YOUR ASSIGNMENT
Print the whole listing below exactly as given, pictures excluded.
== SUPPLIED MATERIAL ==
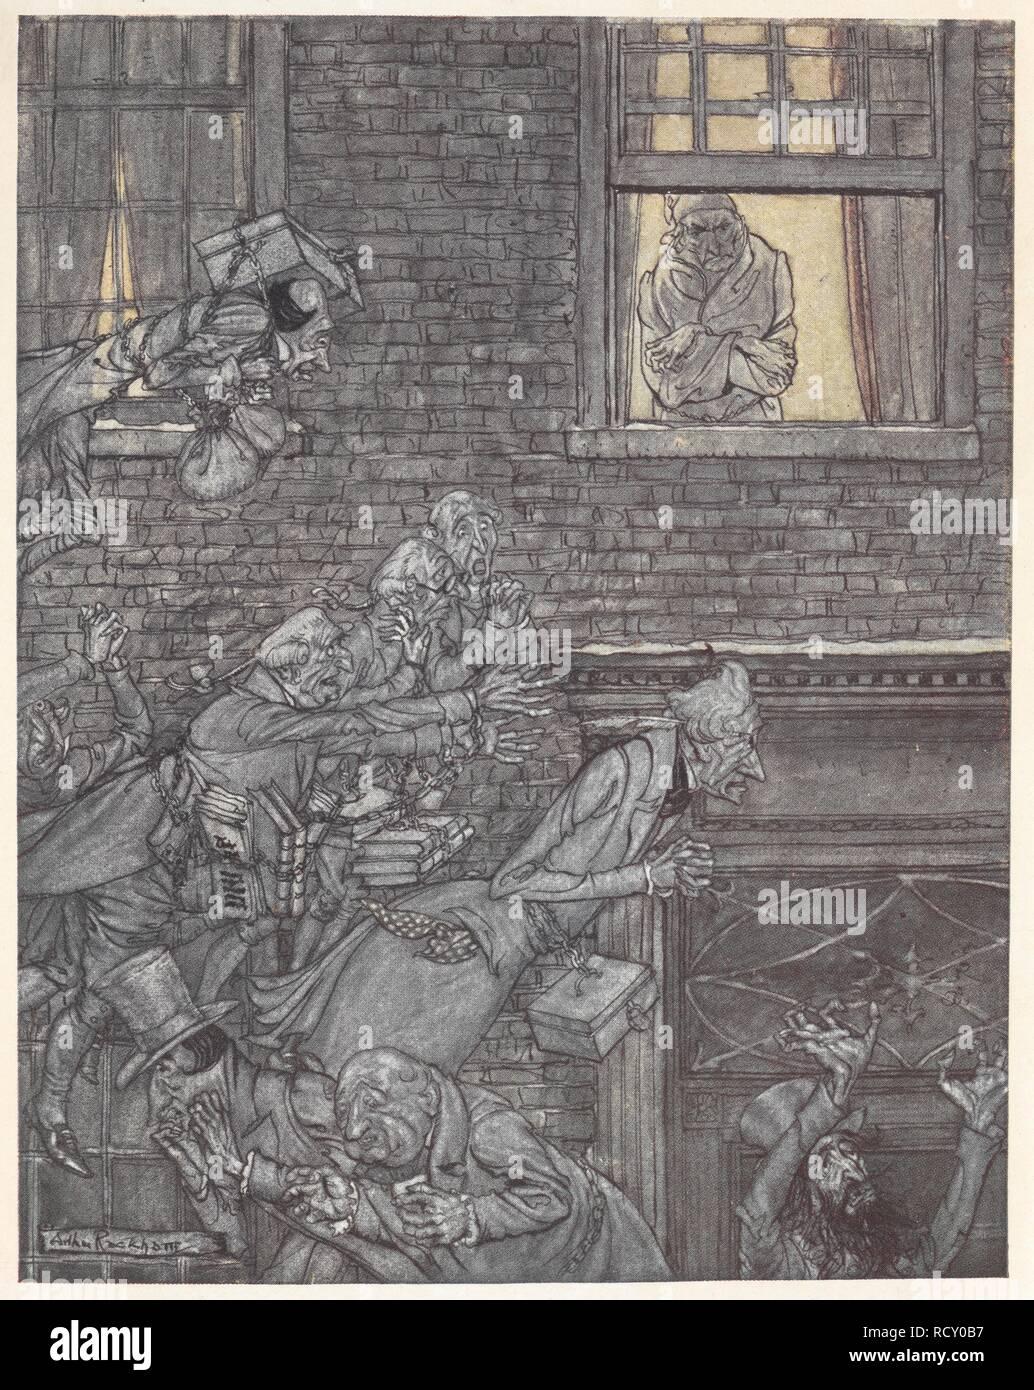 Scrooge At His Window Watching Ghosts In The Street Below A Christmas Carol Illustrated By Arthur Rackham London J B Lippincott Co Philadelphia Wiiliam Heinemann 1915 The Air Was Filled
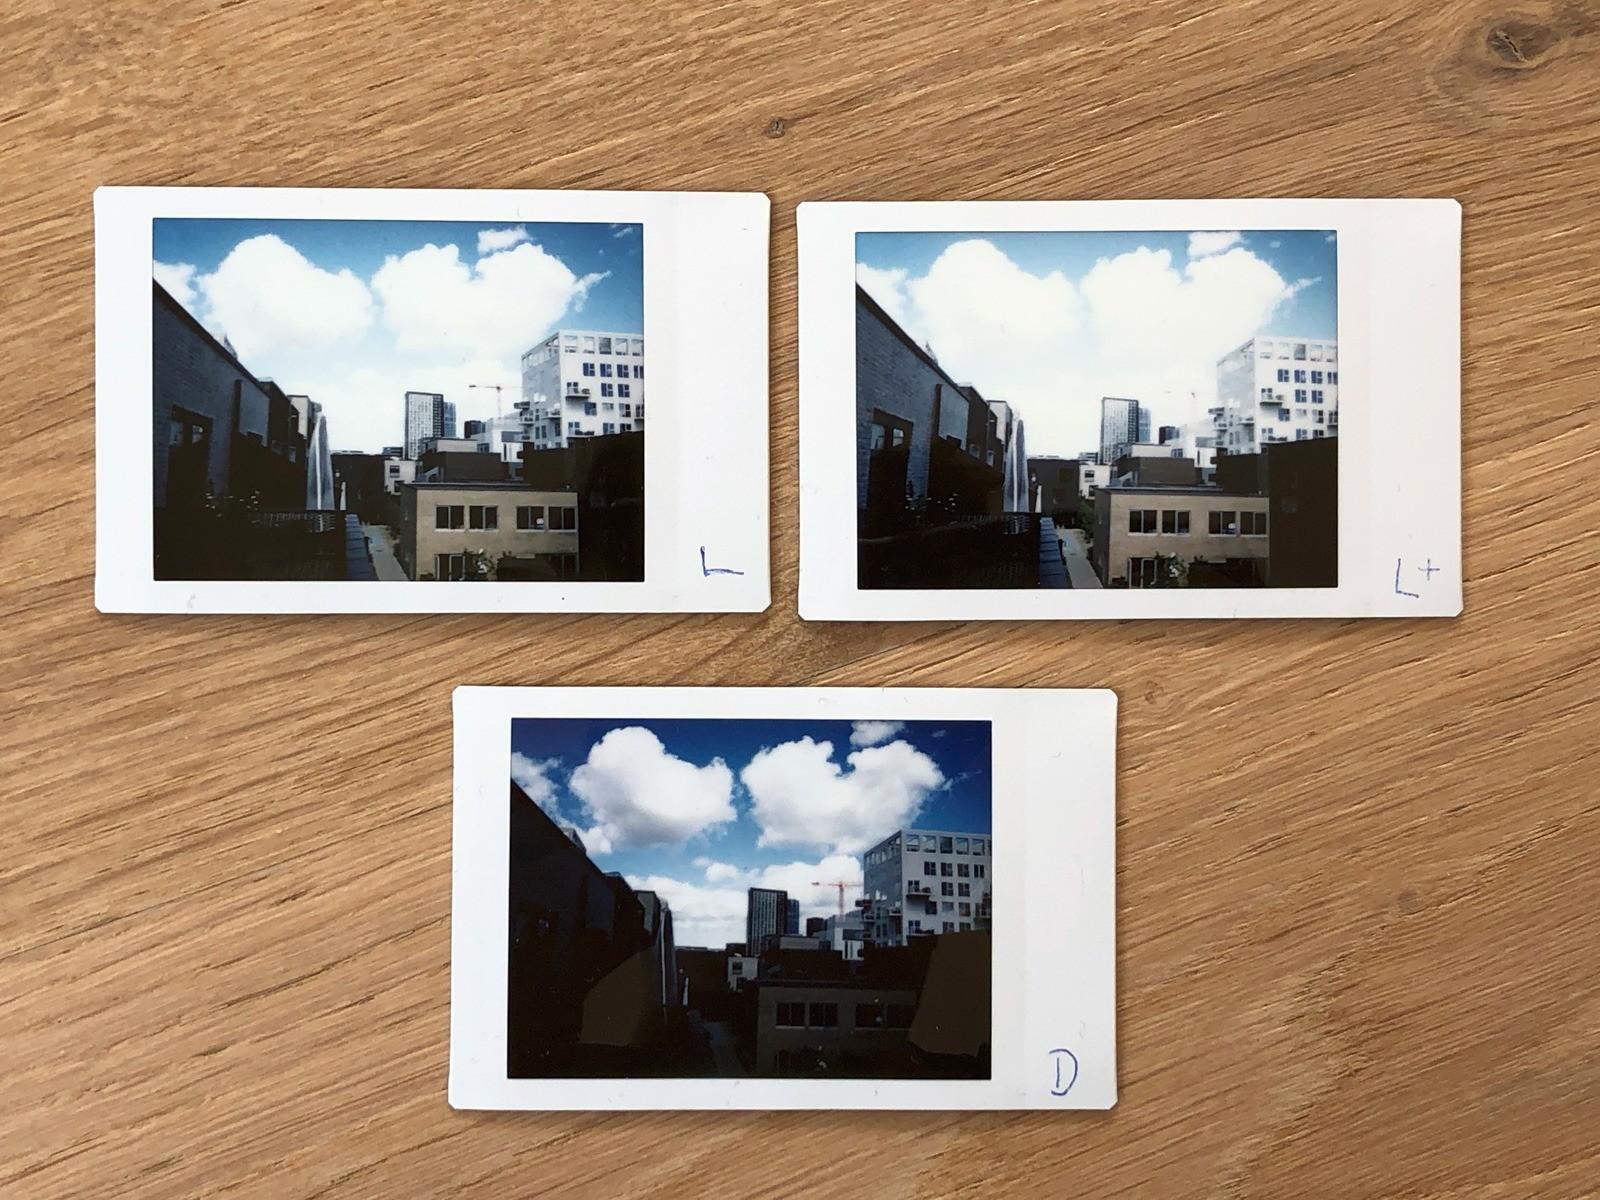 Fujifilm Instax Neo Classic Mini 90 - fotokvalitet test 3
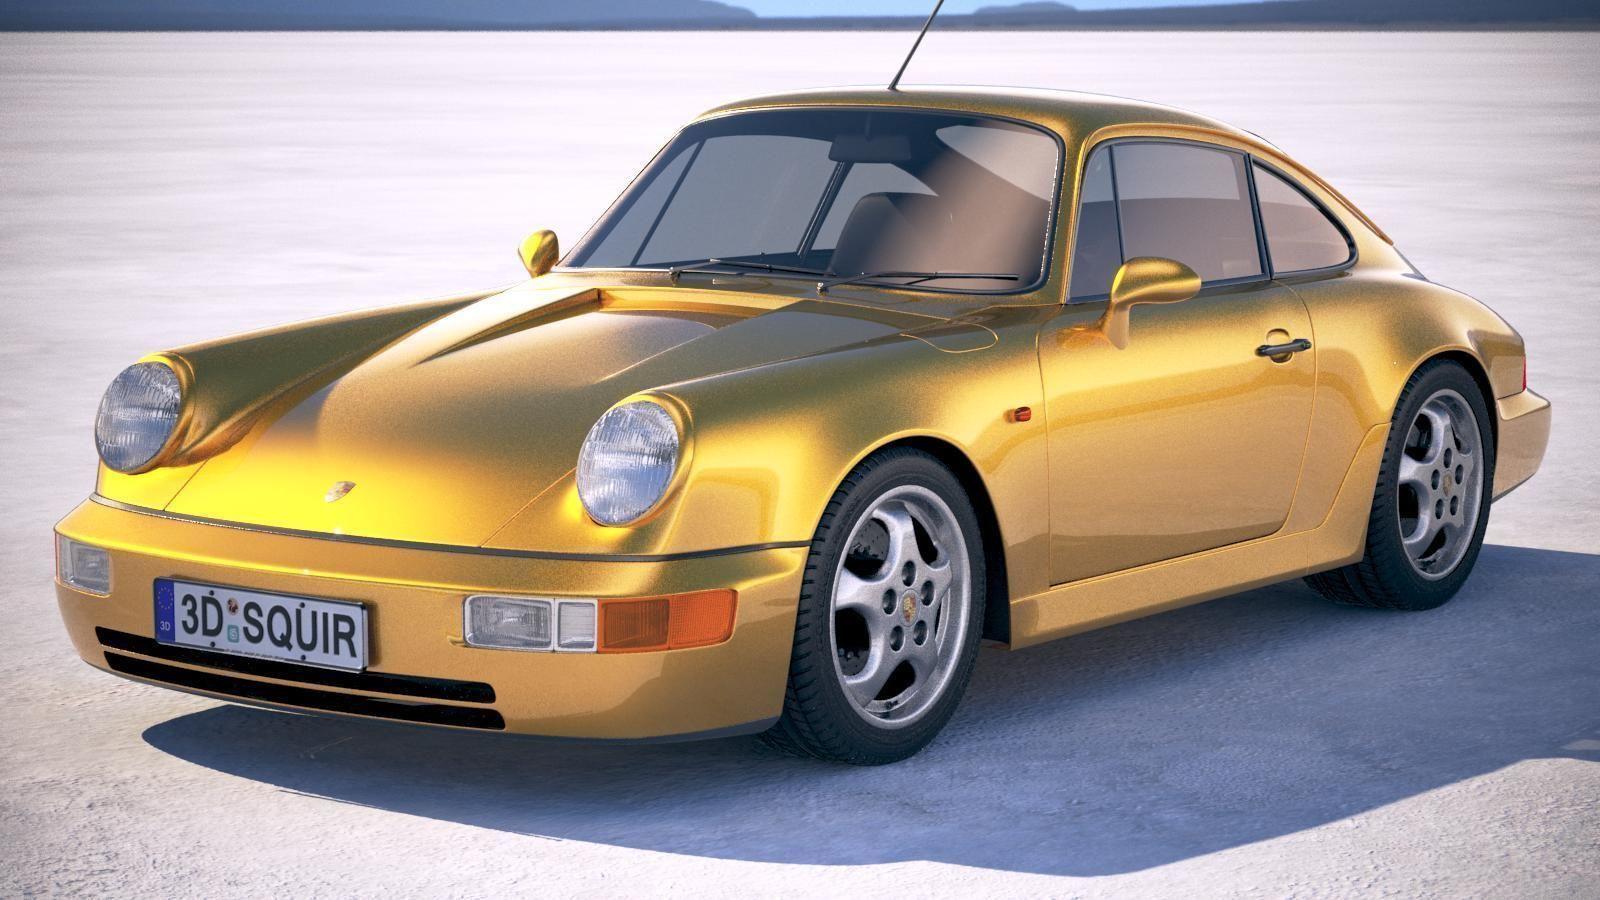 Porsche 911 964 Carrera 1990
===
ANSWER BELOW
 Scrooge At His Window Watching Ghosts In The Street Below A Christmas Carol Illustrated By Arthur Rackham London J B Lippincott Co Philadelphia Wiiliam Heinemann 1915 The Air Was Filled
 Fujifilm Instax Neo Classic Mini 90 - fotokvalitet test 3
 Porsche 911 964 Carrera 1990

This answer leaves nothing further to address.